Note first that if $f: \Bbb R \to Y$ is continuous (and $Y$ is discrete) then $f[\Bbb R]$ is non-empty connected in $Y$ and so a singleton (!) and $f$ must be a constant map.
So even without mentioning homotopies, we are only talking about the set of constant functions from $\Bbb R$ to $Y$ anyway.
Also, a homotopy $H$ between $f$ and $g$ is a (special) continuous map from $\Bbb R \times [0,1]$, which is also connected, so that the same argument applies and
$$\exists y_0 \in Y: \forall x \in \Bbb R : \forall t \in [0,1]: H(x,t) = y_0$$
as the image of $H$ is a singleton by connectedness.

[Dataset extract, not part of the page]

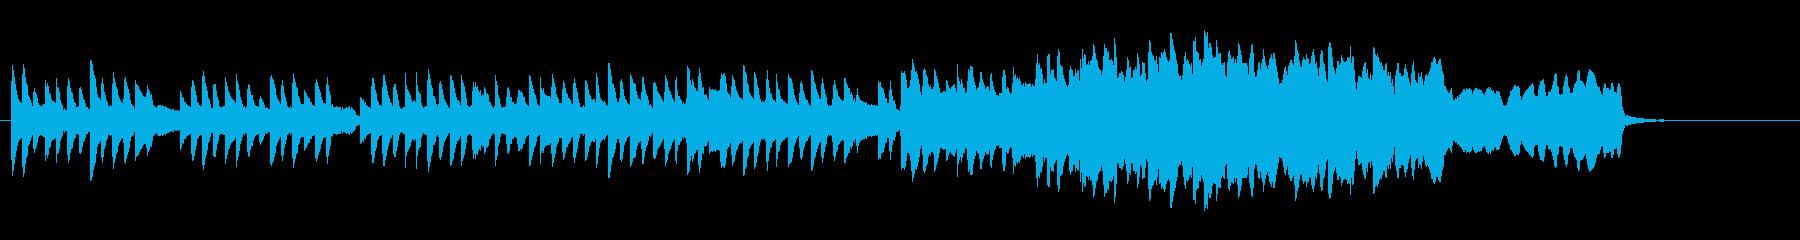 ニューエイジ研究所心温まるムードの...の再生済みの波形

Now as $H(x,0)=f(x)$ for all $x \in \Bbb R$ (one extra condition of a homotopy), $f$ is the constant map with value $y_0$ and similarly $g$ is too, as $g(x)=H(x,1)$ for all $x \in \Bbb R$. So $f=g$ and both are the same constant function!
Now what answer is correct? This is partly a language interpretation question.
(a) is correct if you (implicitly) assume that "any two continuous functions" in the question means any two different continuous functions. We've seen two functions are only homotopic here if they're the same.
(b) is false, take $f\equiv 0$ and $g \equiv 1$. One of them is constant (in fact both of them) but they're not homotopic.
(c) is false by the same example. Both are constant functions etc.
(d) is certainly false.
So what remains is (a) under the mentioned implicit assumptions that the two implies distinctness.